Show that, in a group $G, \circ(ab) = \circ(ba)$ for all $a,b \in G$ . Further show that if $a$ and $b$ commute, and $\circ(a) =n_1 , \circ(b) =n_2$ and $(n_1,n_2) =1$, then $\circ(ab)= \circ(ba)=n_1 n_2$ .

Let $G$ be a group, $H \le G$ and $g \in G$ . Show that if $\circ(g) =n$ and $g^m \in H$, where $n$ and $m$ are coprime integers, then $g \in H$ .

Let $G$ be a group, $H \le G$ and $g \in G$. Show that if $\circ(g) =n_1n_2$ and $g^m \in H$, where $n$ and $m$ are coprime integers, then $g \in H$ .

Let $G$ be a group and $g \in G$ with $\circ(g) =n_1n_2$ , where $n_1$ and $n_2$ are coprime positive integers. Then show that there are elements $g_1,g_2 \in G$ such that $g = g_1g_2 =g_2g_1$ and $\circ(g_1) =n_1 , \circ(g_2) =n_2$ . Further show that $g_1$ and $g_2$ are uniquely determined by these conditions.

Let $G$ be a group such that the intersection of all its subgroups which are different from $\{e\}$ is a subgroup different from $\{e\}$ . Prove that every element in $G$ has finite order.

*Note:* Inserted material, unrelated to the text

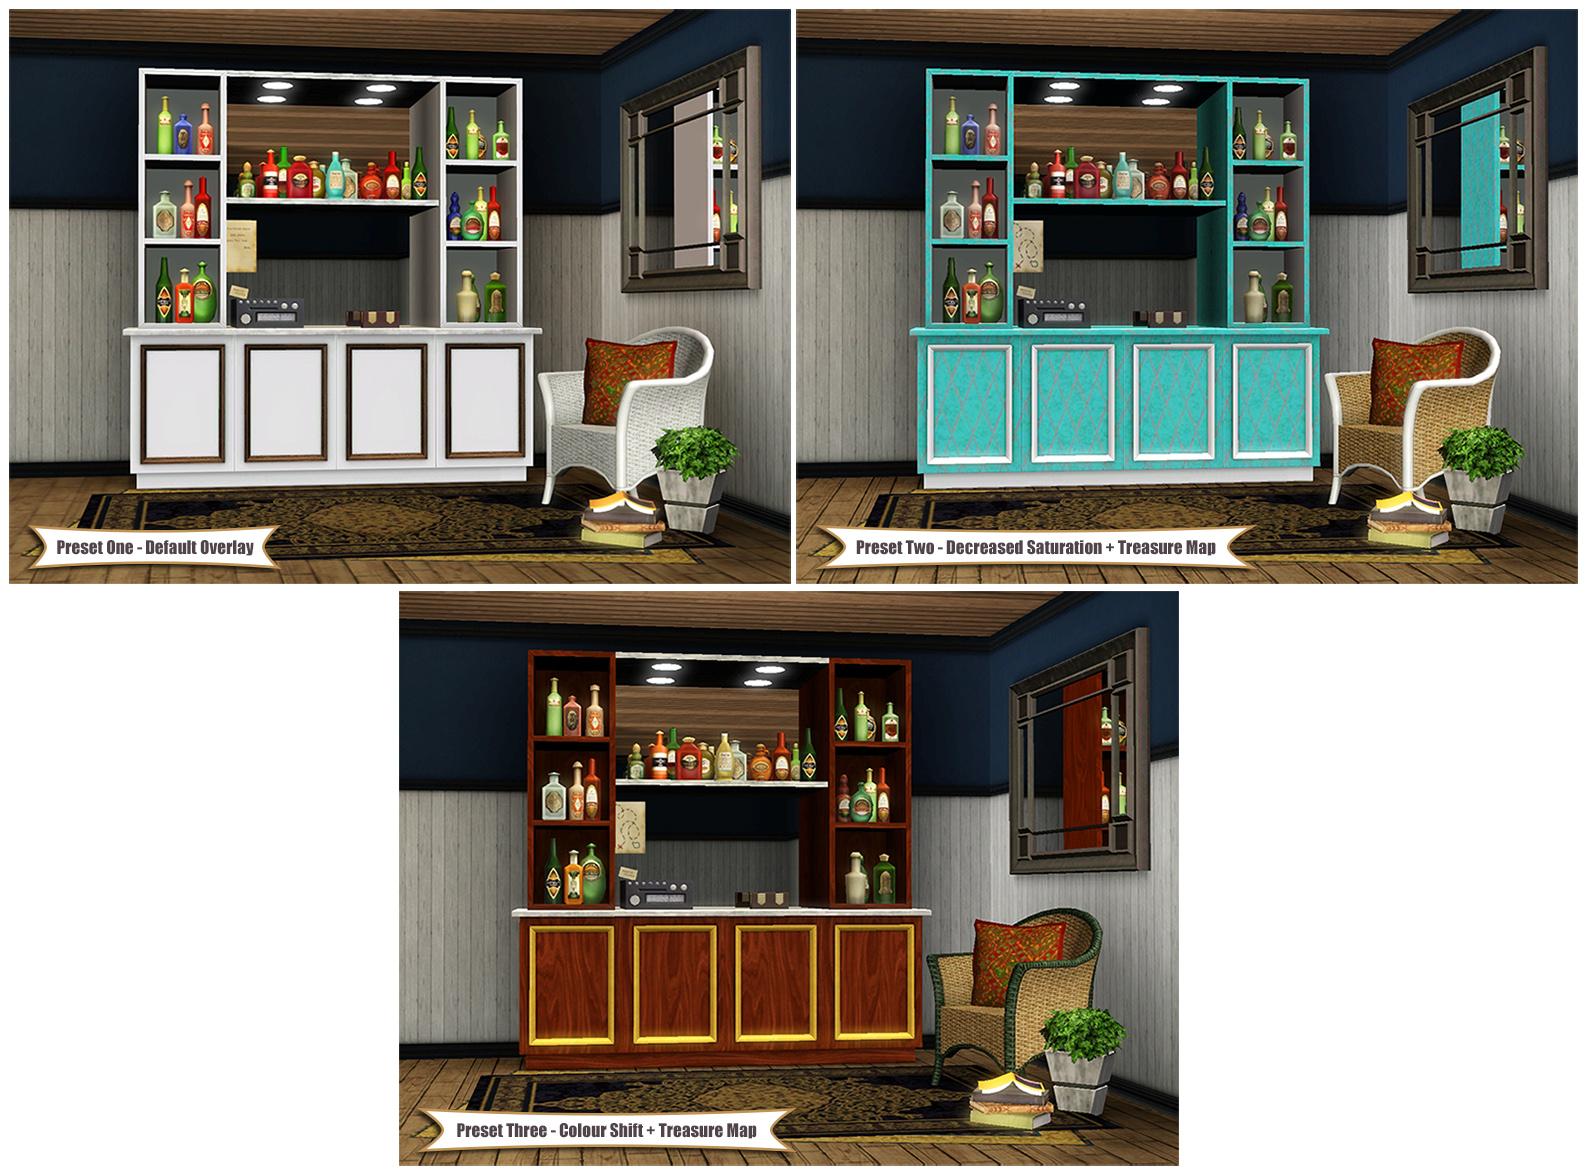 Mod The Sims Top Shelf Nectar Rack

If a group $G \neq \{e\}$ has no nontrivial subgroups, show that $G$ must be a finite group of prime order.

Give an example of a group $G$ having a subgroup $H$ and two elements $a,b$ such that $Ha=Hb$ but $aH \neq bH$ .

Let $H \le G$, and $a \in G$ . Let $aHa^{-1} = \{aha^{-1} |h \in H \}$ . Show that $aHa^{-1}$ is a subgroup of $G$.

Suppose that $H \le G$ such that whenever $Ha \neq Hb$ then $aH \neq bH$ . Prove that $gHg^{-1} \subseteq H$ for all $g \in G$ .

If $H$ and $K$ are subgroups of orders $p$ and $n$ , respectively, where $p$ is a prime number, show that either $H \cap K=\{e\}$ or $H \le K$ .

If $G$ is a group and $K \le H \le G$ , then show that $[G:K] =[G:H][H:K]$ (assume finite indices). Hence deduce that if $[G:H] =p$, where $p$ is a prime, then either $H=K$ or $H=G$ .